I am a queer, neurodivergent artist. Drawing plays a prominent role in my practice. Hyperfocused, I lose myself in responding to the multiple stimuli of everyday life and experience. This is practice in which I attempt to untangle and better understand my behavior, thought processes, and how my neurodiversity affects my life in ways that are sometimes joyful and sometimes difficult. This hyperfocused way of working can be offset by the constant distractions and interruptions of my body and brain, including its physiological and rhythmic patterns such as menstruation. These often cause me to have to move and work back and forth between various processes and media. Rather than seeing this as a negative, I open myself to using it as a prompt to search for experimental and alternative ways of working, like using my body as medium for printing when I feel I need to be more directly and physically engaged in the process of creation.

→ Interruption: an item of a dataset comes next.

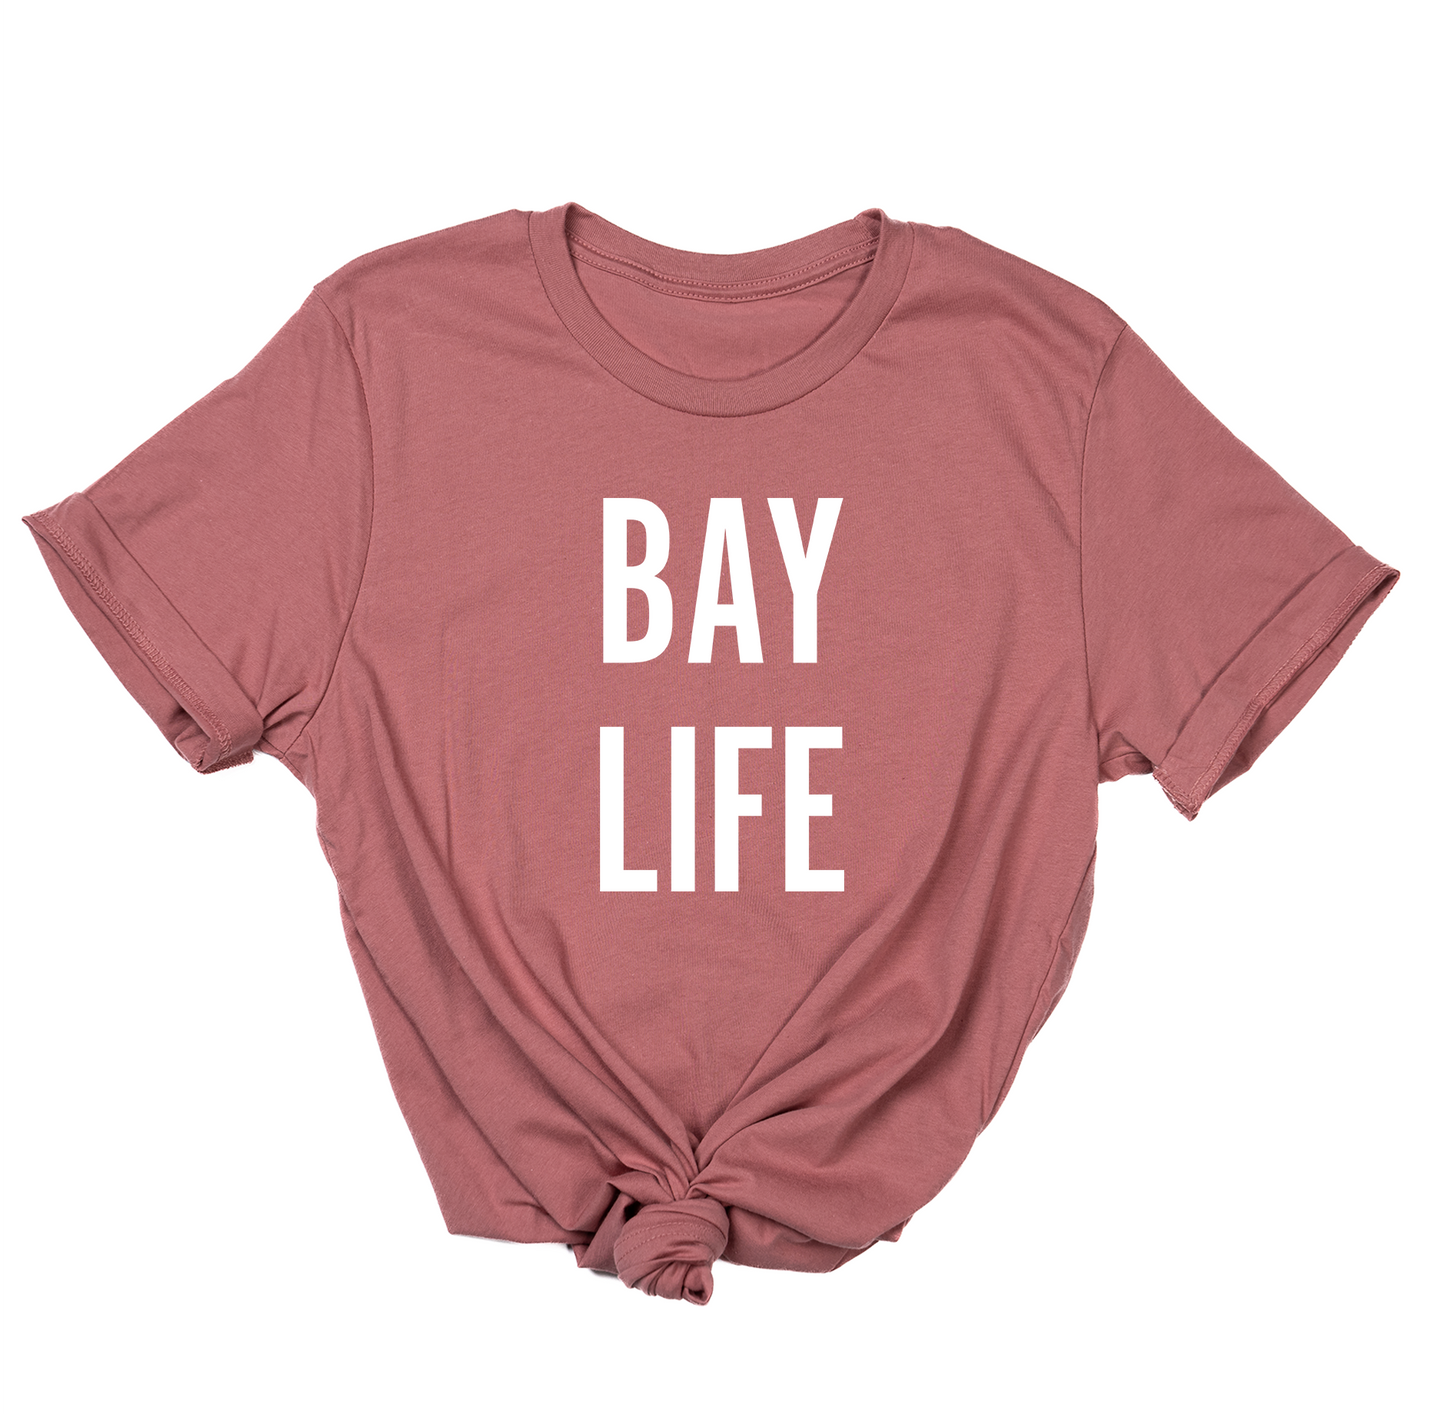 Bay Life (White) - Tee (Mauve)

I also make use of my sensory 'stimming' activities, incorporating these into my working process. The intensely detailed results can then be worked over and re-used as dense layers of visual information in my collages and drawings. This all results in work that can seem, at first glance, overwhelmingly complex, but is in fact the result of carefully considered composition which rewards sustained attention on the part of the viewer. My work varies in scale. Sometimes individual works come to be combined into larger composite works. Sometimes elements of one work are salvaged as elements in a new one. Through these same processes originally two-dimensional works often come to be three-dimensional pieces, without losing the trace of their original form.